Bundle-arranged mesenchymal cells

In the present study, mesenchymal cells, arranged parallel to each other and perpendicular to the tubular basement, were found in the cortico-medullary junction; these unique histological structures were only seen in the neonates on days 1-12. Although the reactivities were faint, the cells reacted to Thy-1 and vimentin, indicating that they were blastemal cell-derived mesenchymal cells. Interestingly, the cells showed a strong reaction to α-SMA. A similar histological arrangement of mesenchymal cells has been observed in the unilateral ureteral obstruction rat model 34 ; the authors speculated that the preferential arrangement might be caused by continuous mechanical force against urine retention in the pelvis and renal tubules. The myofibroblasts observed in myocardial infarction have been reported to be formed in association with hemodynamic stimulus. 35 Because α-SMA is expressed in myofibroblasts (so-called contractile cells), 4 , 36 the α-SMA expression of bundle-arranged mesenchymal cells might be related to increased contractility for formation of renal tubules during rat nephrogenesis; under the increased contractility, α-SMA expression might be increased and Thy-1 expression might be reduced. As mentioned above, it would be interesting to investigate the altered expression of Thy-1 and α-SMA in blastemal cell-derived cells and factors influencing the alteration.

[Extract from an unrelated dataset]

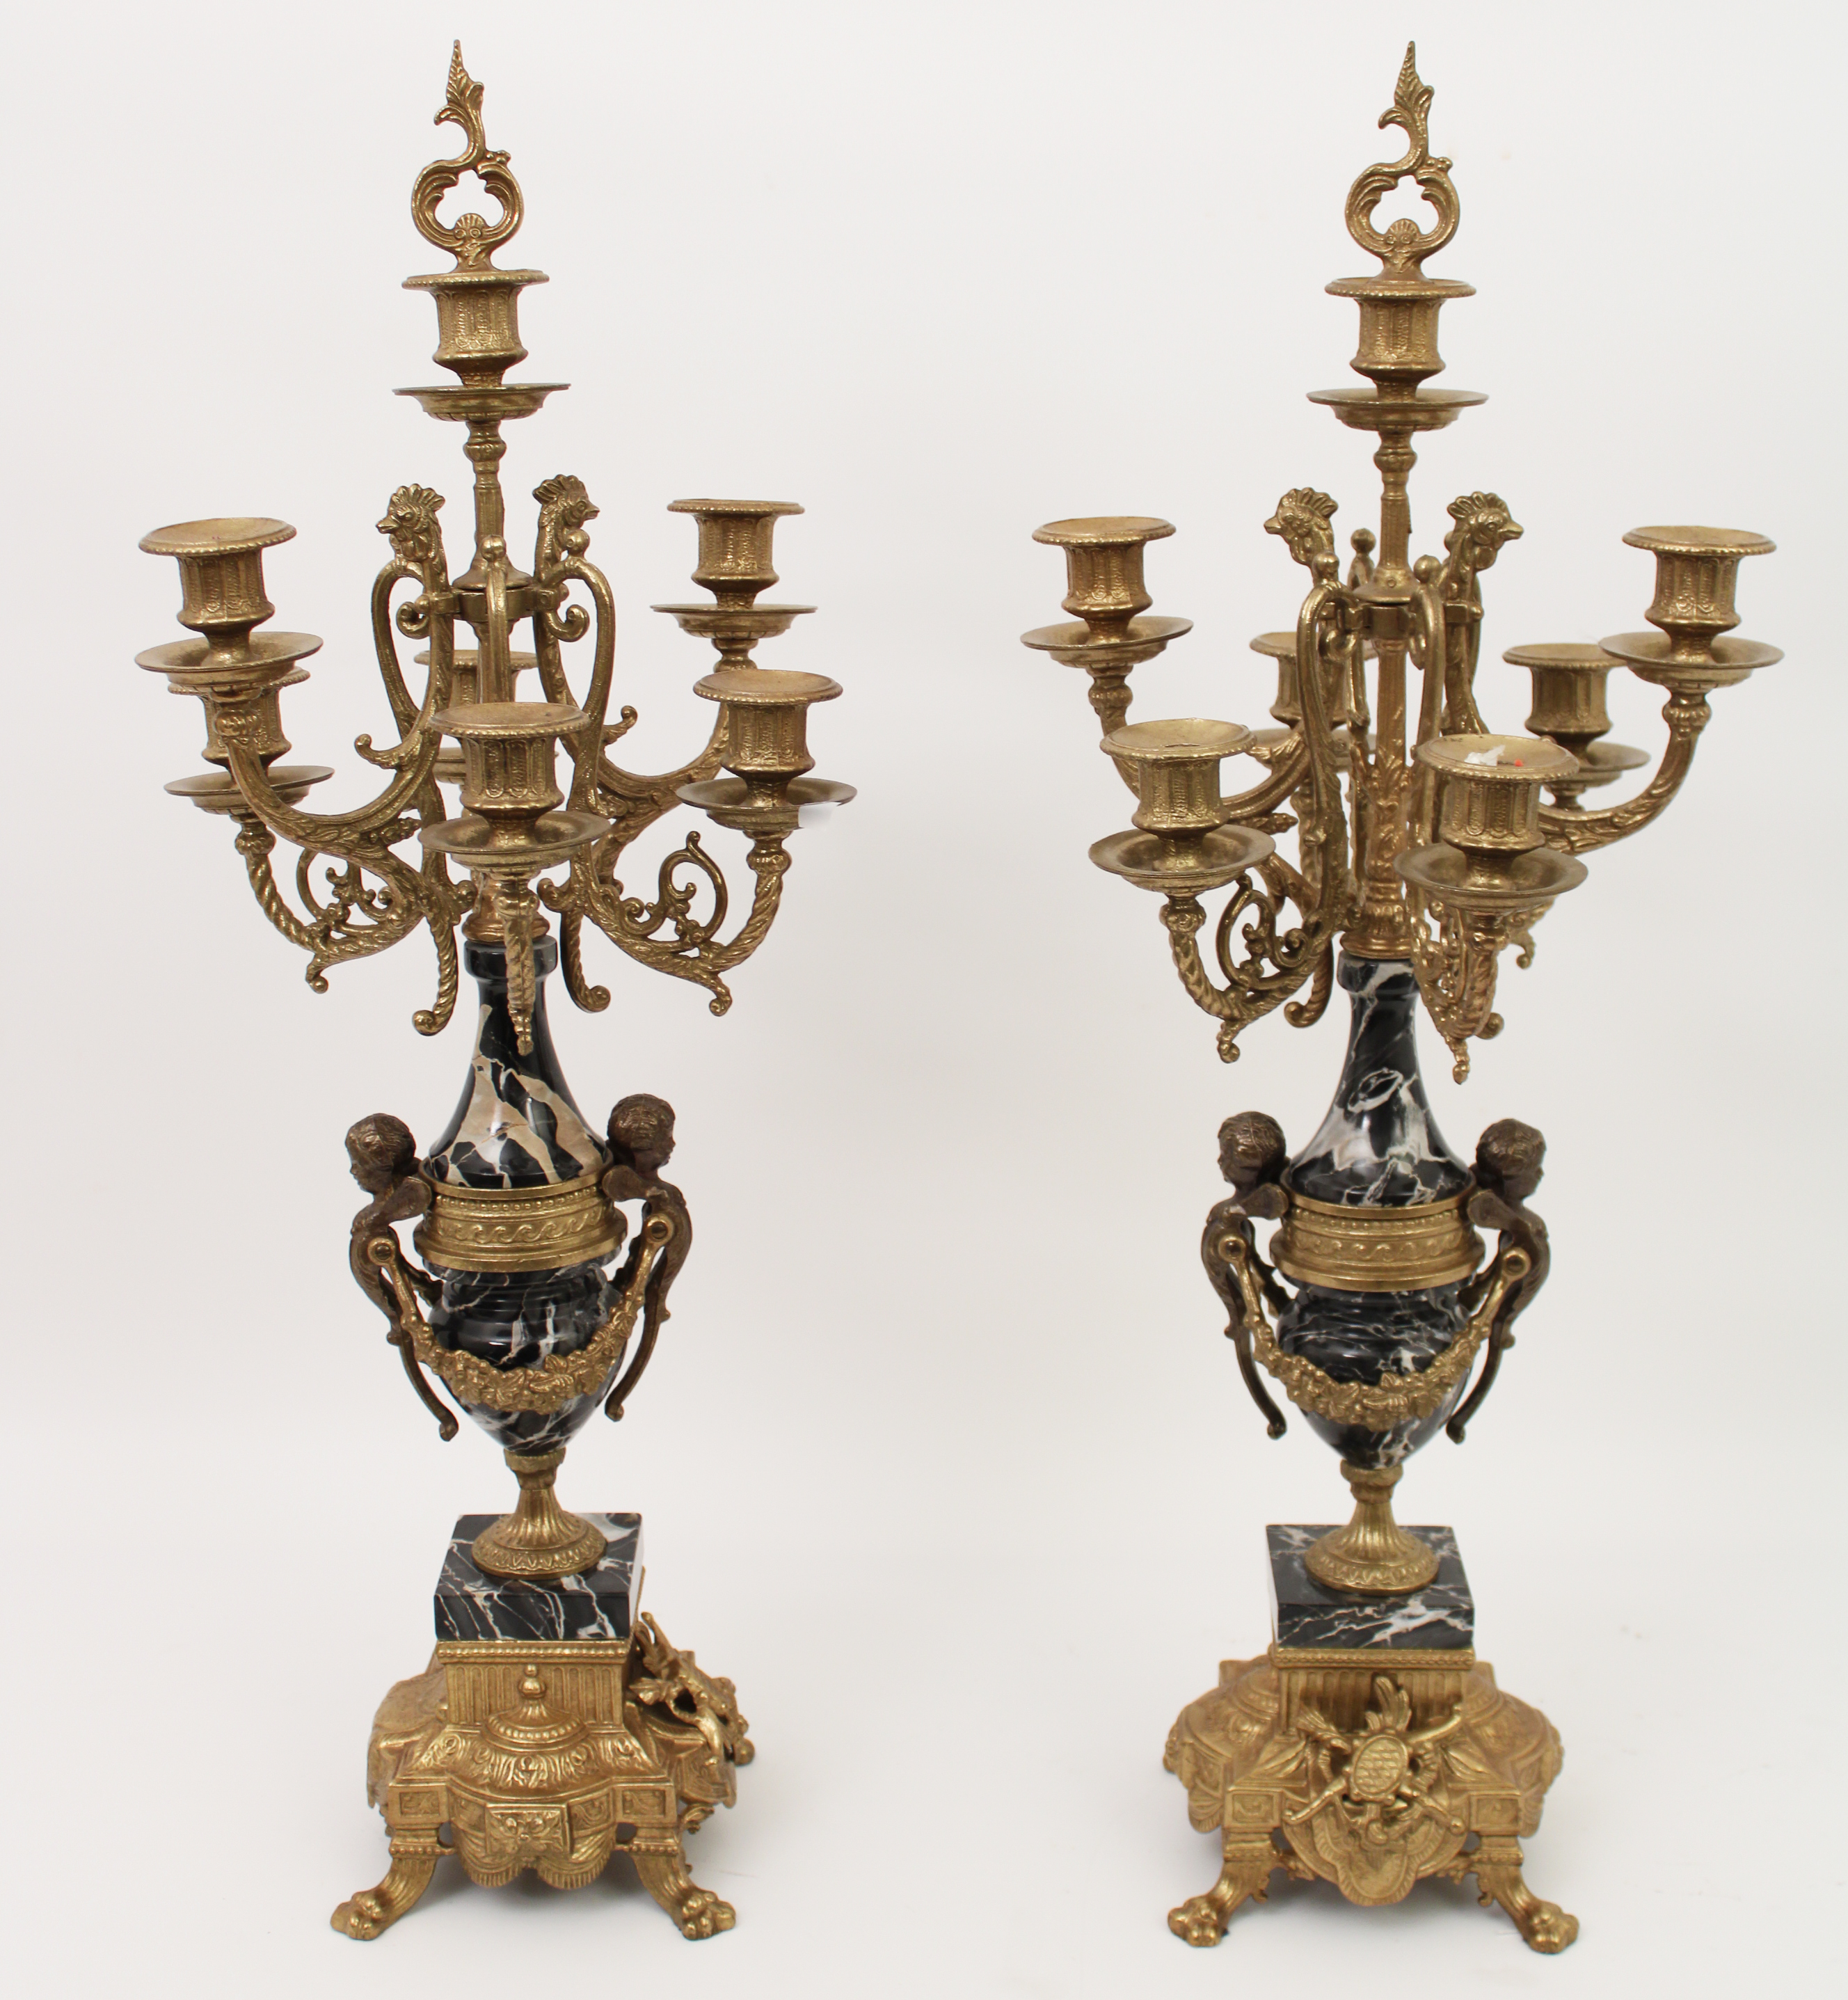 PAIR OF FRENCH BRONZE AND MARBLE
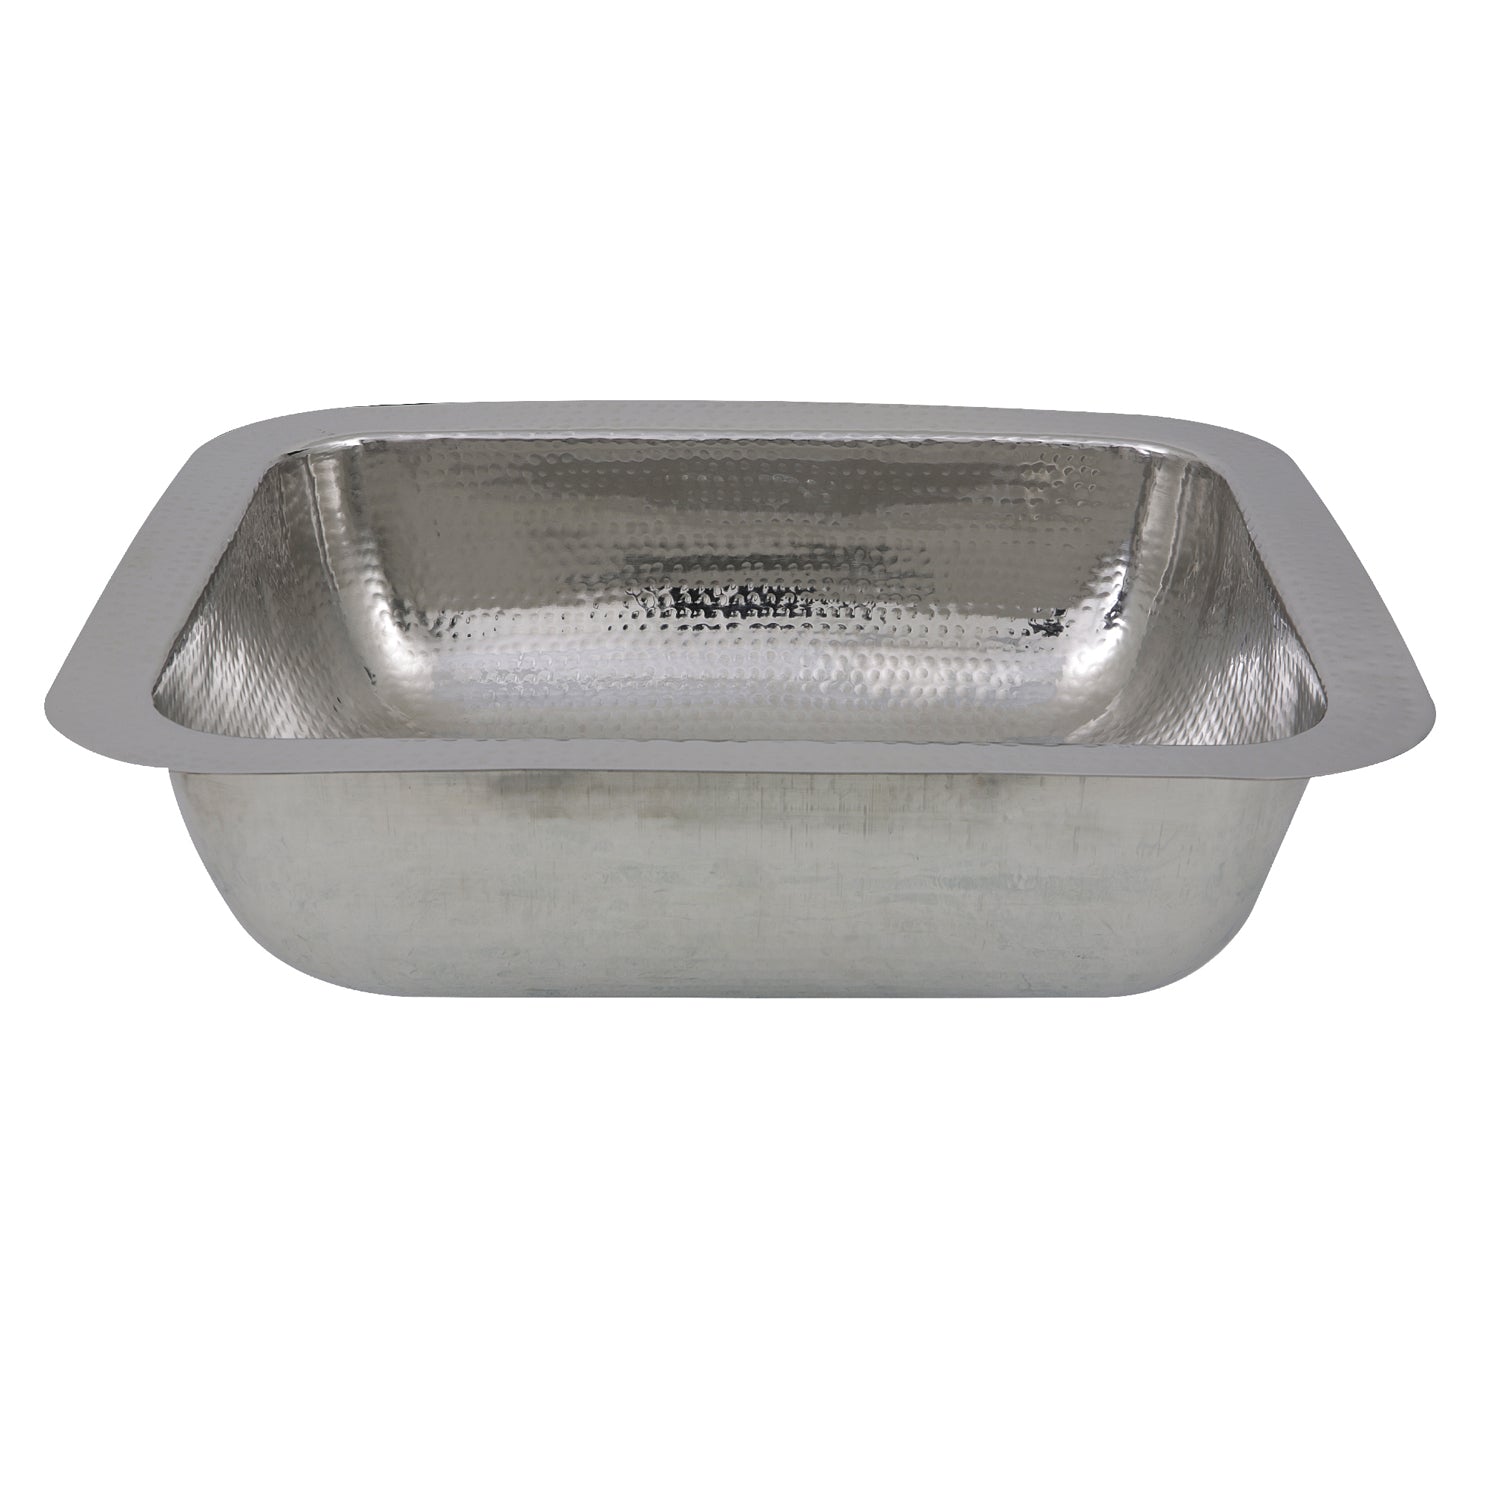 Nantucket Sinks RES - 17.5" Hammered Stainless Steel Rectangle Bar Sink

In conclusion, the present study showed that in addition to glomerular mesangial cells, blastemal cell-derived mesenchymal cells arranged loosely in the cortex and medullas of fetuses and neonates expressed Thy-1. Thy-1-positive cells also reacted to vimentin, indicating their mesenchymal nature. In addition, the Thy-1-expression pattern corresponded generally to α-SMA-positive cells, particularly in the fetuses and early stage neonates. These findings support the EMT theory (reverse embryogenesis) in fibrotic kidneys. Furthermore, in adults, tubulointerstitial cells (expressing Thy-1) in the medulla differed from cortical interstitial cells (negative to Thy-1); the bundle-arranged mesenchymal cells seen in the neonates reacted strongly to α-SMA, but faintly to Thy-1. Thy-1 immunoexpression has been used as a marker of pluriopotential stem cells. 12 , 37 Blastemal cells have the capacity to differentiate into renal epithelial cells and mesenchymal cells. In addition to the association of myofibroblasts (expressing α-SMA in fibrotic kidney) with blastemal cells (expressing both Thy-1 and α-SMA), it would be interesting to investigate the bone-marrow stem cell derivation of blastemal cells.